Systemic important institutions constitute an additional capital buffer intended to reduce the probability of their failure and to increase their capacity to absorb losses in order to ensure their continued operation.

The additional capital conservation buffer provided for in the previous article is set at:

2.5% of net weighted risk when the institution is of high systemic importance ;

1.5% of net weighted risks when the institution is of medium systemic importance ;

1% of net weighted risks when the institution is of low systemic importance.

The additional requirement provided for in this article increases the conservation buffer for core capital and the supplementary buffer set out in Articles 25 and 28 of COBAC Regulation R-2016/03 relating to the net capital of credit institutions. The profit distribution restriction thresholds provided for in Article 26 of the said regulation are increased accordingly.

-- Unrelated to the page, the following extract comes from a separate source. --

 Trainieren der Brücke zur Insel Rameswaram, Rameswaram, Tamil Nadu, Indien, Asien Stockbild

The Banking Commission may increase the additional buffer
provided for systemic important institutions, without exceeding 3.5%, in order to reduce the impact of their possible failure on the financial system. This situation is envisaged when the Banking Commission considers that the increase in their size and the volume of their exposure in a difficult macroeconomic and financial context may pose a threat to the stability of the financial system.

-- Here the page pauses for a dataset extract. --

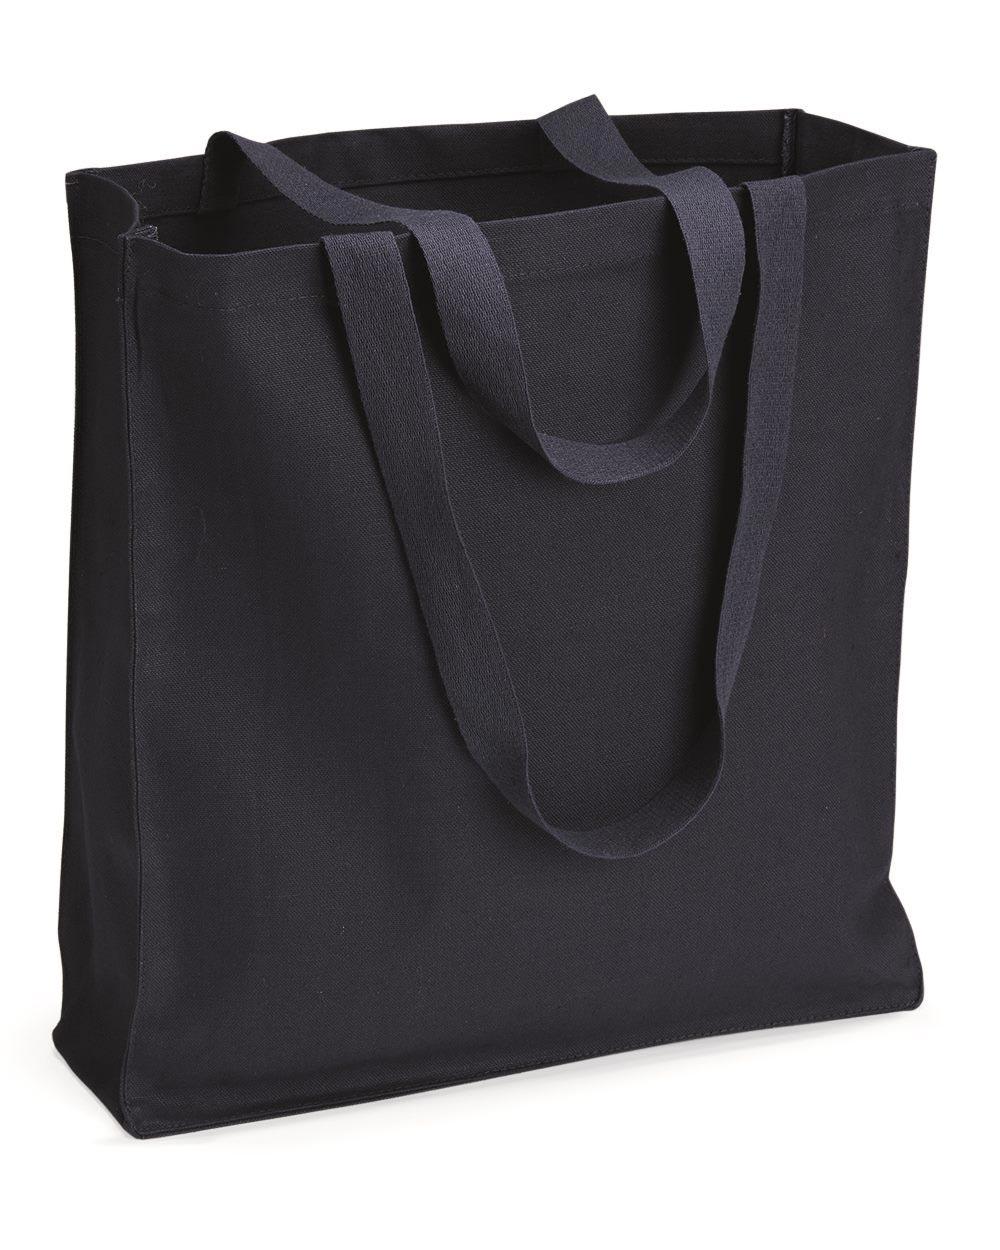 Q-Tees Q125300 - 14L Shopping Bag

The Banking Commission may set a liquidity ratio for systemically important institutions of institutions a liquidity ratio 50% higher than the standard set by COBAC regulation R-93/06 on the liquidity of credit institutions.

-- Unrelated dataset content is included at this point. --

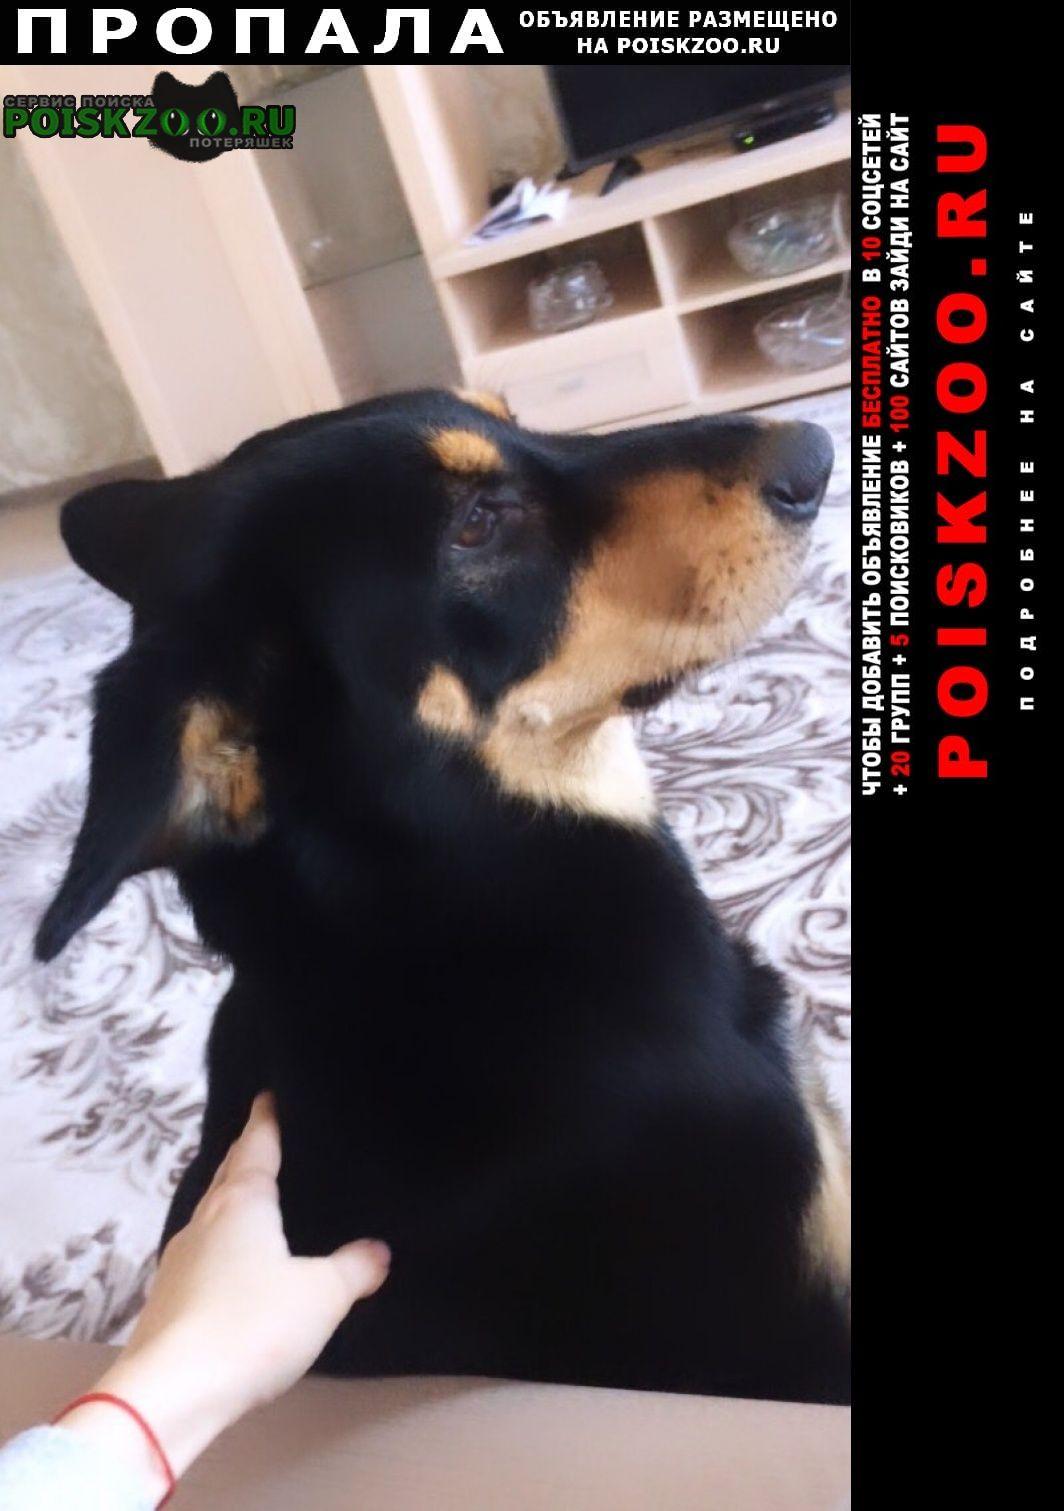 Пропала собака большая Таганрог

When the situation so requires, particularly in periods of severe stress or abundant liquidity, this threshold may be lowered or raised by the Banking Commission in order to take into account the overall level of liquidity in the CEMAC region.

Systemic important institutions are subject to specific communication and reporting requirements, according to a frequency and format to be determined by the Secretary General of COBAC depending on the situation of the institution.

In particular, they must communicate information relating to:

– The risk assessment system, which analyses the levels and controls
performed on these risks;

– The capital adequacy assessment process;

– The liquidity adequacy assessment process;

– The capital and liquidity quantification methodology, which assesses the institution’s the institution’s need for capital and liquidity based on the results of risk;

– Asset/liability management;

– Operational, credit and market risk;

– The degree of compliance with current regulations.